Lets start with a minimum of 4 files. The kernel is going to use a subset of C++, meaning C++ without exceptions and without runtime types. The main function will be in main.cc. Before the main function can be called though some things have to be set up using assembly. This will be placed in boot.S. On top of that we also need a linker script and a Makefile to build the kernel and need to create an include directory for later use.

main.c

/* main.c - the entry point for the kernel */

#include <stdint.h>

#define UNUSED(x) (void)(x)

// kernel main function, it all begins here
void kernel_main(uint32_t r0, uint32_t r1, uint32_t atags) {
    UNUSED(r0);
    UNUSED(r1);
    UNUSED(atags);
}

This simply declares an empty kernel_main function that simply returns. The GPU bootloader passes arguments to the kernel via r0-r2 and the boot.S makes sure to preserve those 3 registers. They are the first 3 arguments in a C function call. I'm not sure what R0 and R1 are for but r2 contains the address of the ATAGs (more about them later). For now the UNUSED() makro makes sure the compiler doesn't complain about unused variables.

boot.S

/* boot.S - assembly startup code */

// To keep this in the first portion of the binary.
.section ".text.boot"

// Make Start global.
.globl Start

// Entry point for the kernel.
// r15 -> should begin execution at 0x8000.
// r0 -> 0x00000000
// r1 -> 0x00000C42
// r2 -> 0x00000100 - start of ATAGS
// preserve these registers as argument for kernel_main
Start:
	// Setup the stack.
	mov	sp, #0x8000

	// Clear out bss.
	ldr	r4, =_bss_start
	ldr	r9, =_bss_end
	mov	r5, #0
	mov	r6, #0
	mov	r7, #0
	mov	r8, #0
1:
	// store multiple at r4.
	stmia	r4!, {r5-r8}

	// If we're still below bss_end, loop.
	cmp	r4, r9
	blo	1b

	// Call kernel_main
	ldr	r3, =kernel_main
	blx	r3

	// halt
halt:
	wfe
	b	halt

The section ".text.boot" will be used in the linker script to place the boot.S as the verry first thing in out kernel image. The code initializes a minimum C environment, which means having a stack and zeroing the BSS segment, before calling the kernel_main function. Note that the code avoids using r0-r2 so the remain valid for the kernel_main call.

link-arm-eabi.ld

* link-arm-eabi.ld - linker script for arm eabi */
ENTRY(Start)

SECTIONS
{
    /* Starts at LOADER_ADDR. */
    .text 0x8000 :
    _text_start = .;
    _start = .;
    {
        KEEP(*(.text.boot))
        *(.text)
    }
    . = ALIGN(4096); /* align to page size */
    _text_end = .;
    .rodata:
    _rodata_start = .;
    {
	*(.rodata)
    }
    . = ALIGN(4096); /* align to page size */
    _rodata_end = .;
    .data :
    _data_start = .;
    {
        *(.data)
    }
    . = ALIGN(4096); /* align to page size */
    _data_end = .;
    .bss :
    _bss_start = .;
    {
        bss = .;
        *(.bss)
    }
    . = ALIGN(4096); /* align to page size */
    _bss_end = .;
    
    _end = .;
}

There is a lot of text here but don't despair. The script is rather simple if you look at it bit by bit.

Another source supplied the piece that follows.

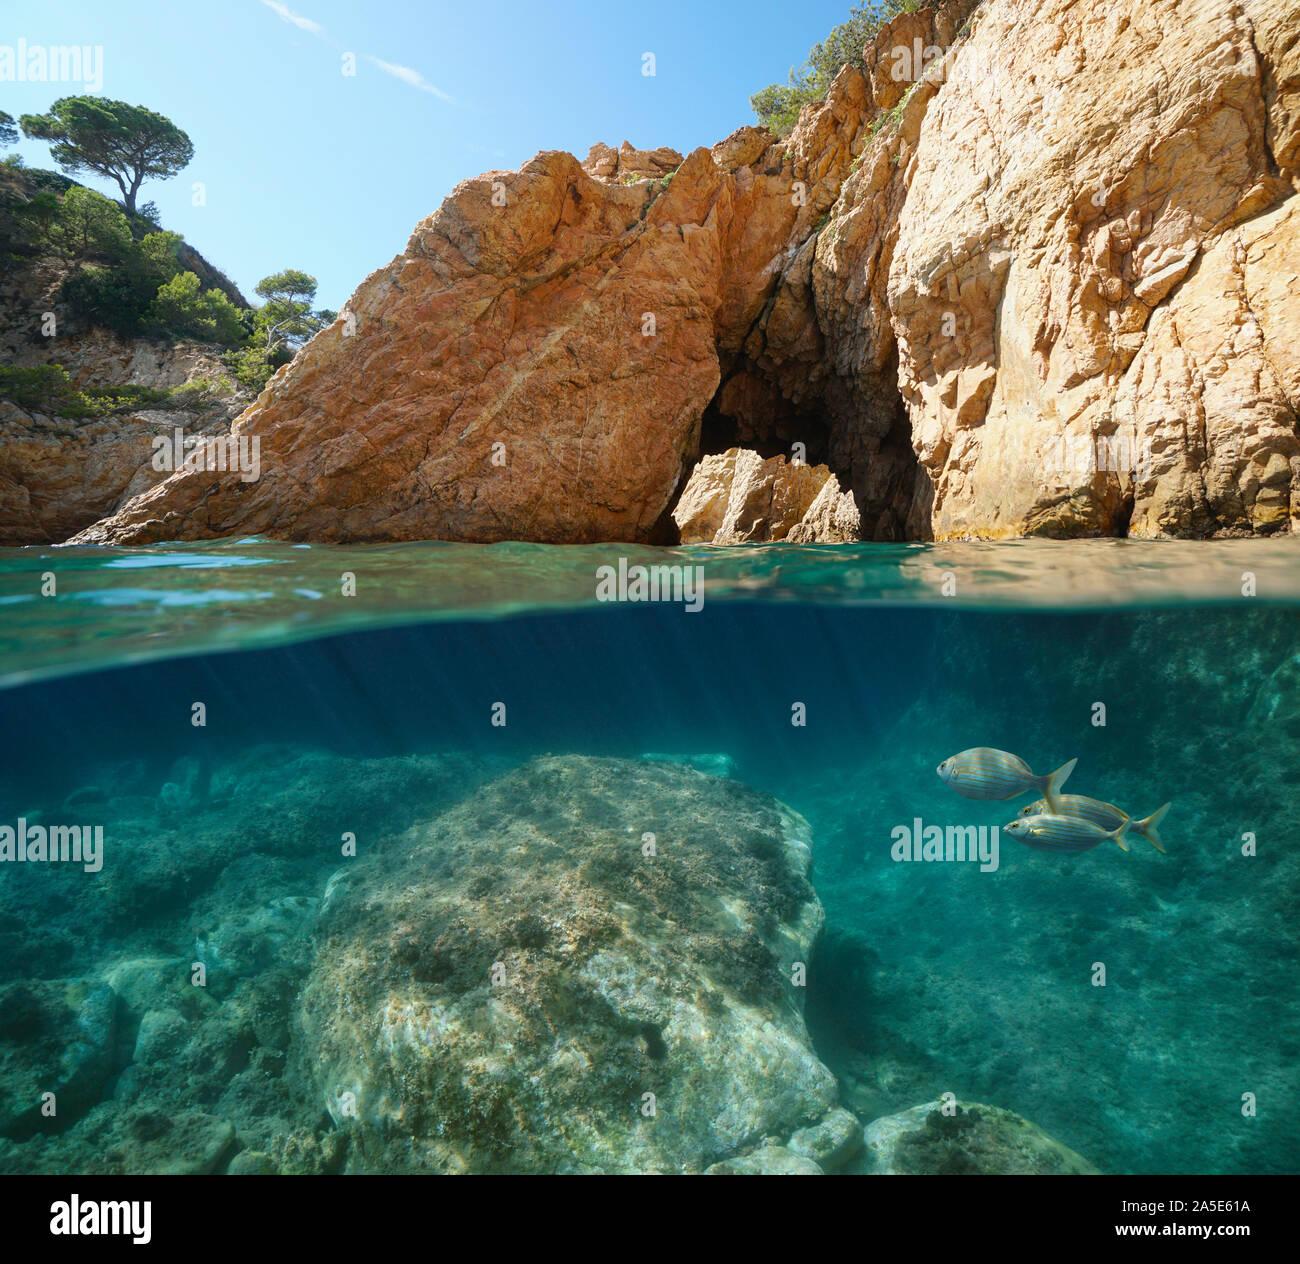 Costa rocosa con arco natural, vista dividida sobre y bajo el agua, el mar Mediterráneo, España, Costa Brava, Cataluña, Palamós, Cala Foradada Foto de stock
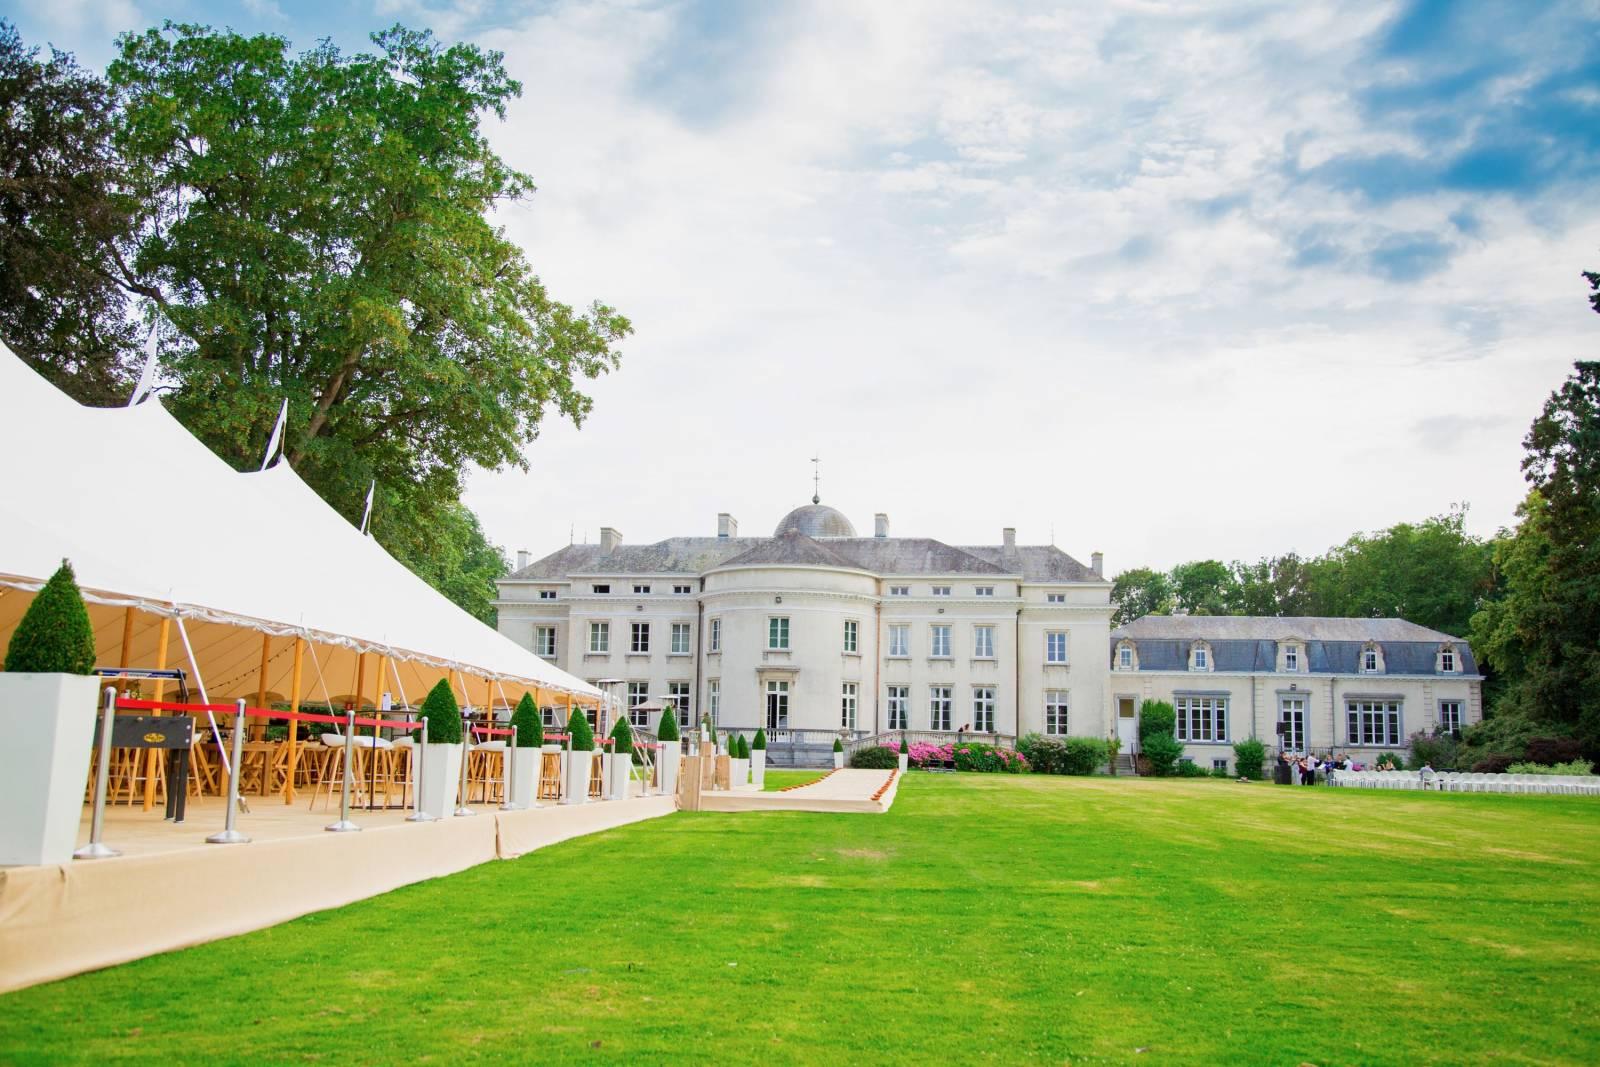 Trouwkasteel - Feestzaal - House of Weddings - 8

ENTRY(Start) declares the entry point for the kernel image. That symbol was declared in the boot.S file. Since we are actually booting a binary image I think the entry is completly irelevant. But it has to be there in the elf file we build as intermediate file. Declaring it makes the linker happy.

SECTIONS declares, well, sections. It decides where the bits and pieces of our code and data go and also sets a few symbols that help us track the size of each section.

    . = 0x8000;
    _start = .;

The "." denotes the current address so the first line tells the linker to set the current address to 0x8000, where the kernel starts. The current address is automatically incremented when the linker adds data. The second line then creates a symbol "_start" and sets it to the current address.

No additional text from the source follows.